На этом корабле-перехватчике вымпелу служить трудно. И вот после нескольких выходов в море от него остался только небольшой клочок возле самого вымпелфала. Остальное растрепал ходовой ветер. Не выдержала прочная ткань из шерсти специального кручения. Частая же смена вымпела никакими нормами снабжения не предусмотрена. А корабль без вымпела — что матрос без ленточек на бескозырке.

На причальной стенке командира бригады встретил командир перехватчика капитан-лейтенант Субботин и доложил, что корабль к бою и походу изготовлен.

Грачев поднялся по крутому металлическому трапу на мостик и вошел в боевую рубку. Все на этом корабле было миниатюрным, всюду было тесно. Чувствовалось, что конструкторы, как в авиации, выжимали каждый кубический дециметр объема и миллиметры размеров.

Металлический бас динамиков прогремел:

— По местам стоять, со швартовых сниматься!

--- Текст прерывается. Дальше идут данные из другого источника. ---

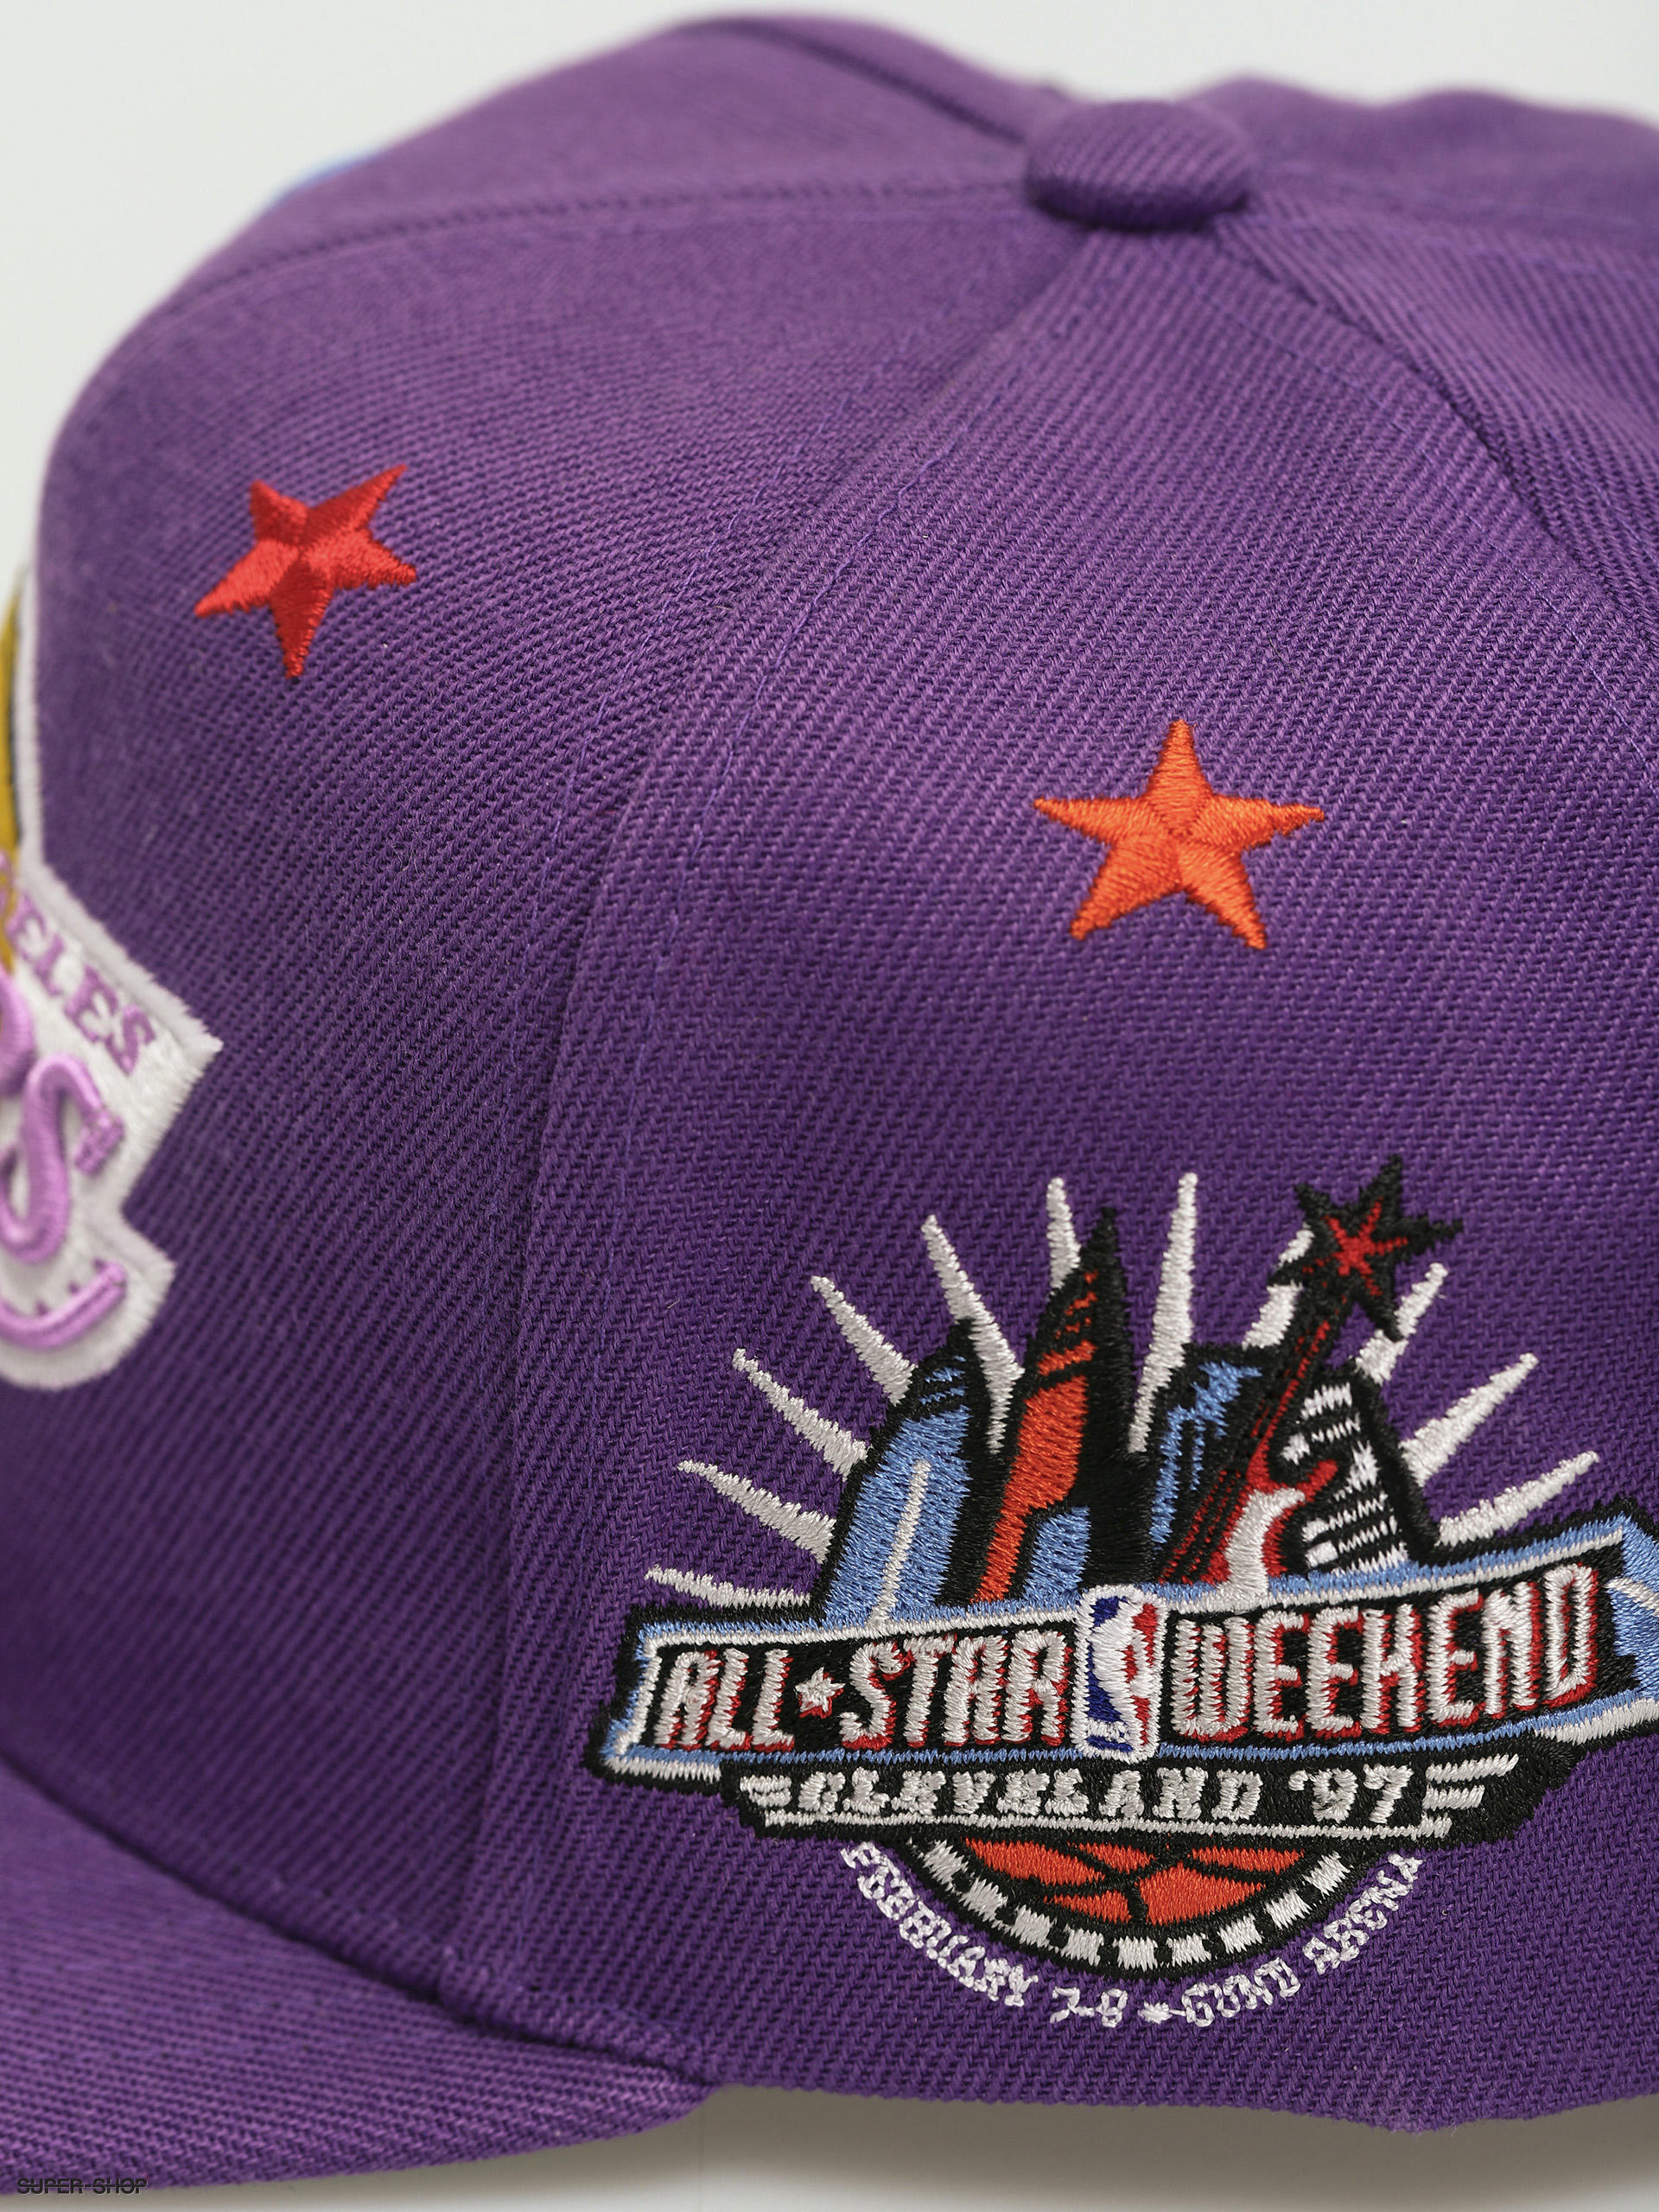 Los Angeles Lakers Purple Mitchell & Ness Snapback Hat

В боевой рубке по левому борту в самолетном кресле перед пультами управления сидел инженер-механик Рогов. Капитан-лейтенант Субботин отрывисто отдавал распоряжения. Помощник командира — он же штурман — старший лейтенант Изотов склонился над штурманским столиком, готовясь к прокладке курса.

— Отдать носовой!

— Есть отдать носовой! Носовой отдан!

— Отдать кормовой!

— Есть отдать кормовой! Кормовой отдан!

— Оба малый вперед!

— Есть оба малый вперед!

Рогов защелкал переключателями на пульте управления, передвинул рукоятки подачи топлива, замигали сигнальные лампочки, колыхнулись стрелки приборов, корпус корабля вздрогнул, завибрировал. За иллюминаторами рубки медленно поплыли очертания берега и причалов.

— Опять он здесь, — раздраженно проворчал Субботин, поворачивая штурвал.

У ног капитан-лейтенанта шевельнулось нечто мохнатое, блеснули глаза, и щенок, словно поняв командира корабля, подполз к ногам инженер-механика, снова свернулся в клубок, упрятав шагреневый нос в шерсть.

Месяц назад щенок прибежал на территорию базы и был подобран матросами. У него была большая лохматая черная морда с выпуклыми озорными глазами, а два клока шерсти, торчавшие между ушами, придавали щенку одновременно и хищное и смешное выражение. Он был словно шарж на черта, и поэтому матросы окрестили пса Мефиступолом. Он быстро привык к новой кличке. Всех удивляло то, что пес ранее побывал на больших кораблях, где настоящие камбузы, удобные каюты и кубрики, мягкие теплые ковры, но почему-то прижился на этом маленьком и тесном корабле.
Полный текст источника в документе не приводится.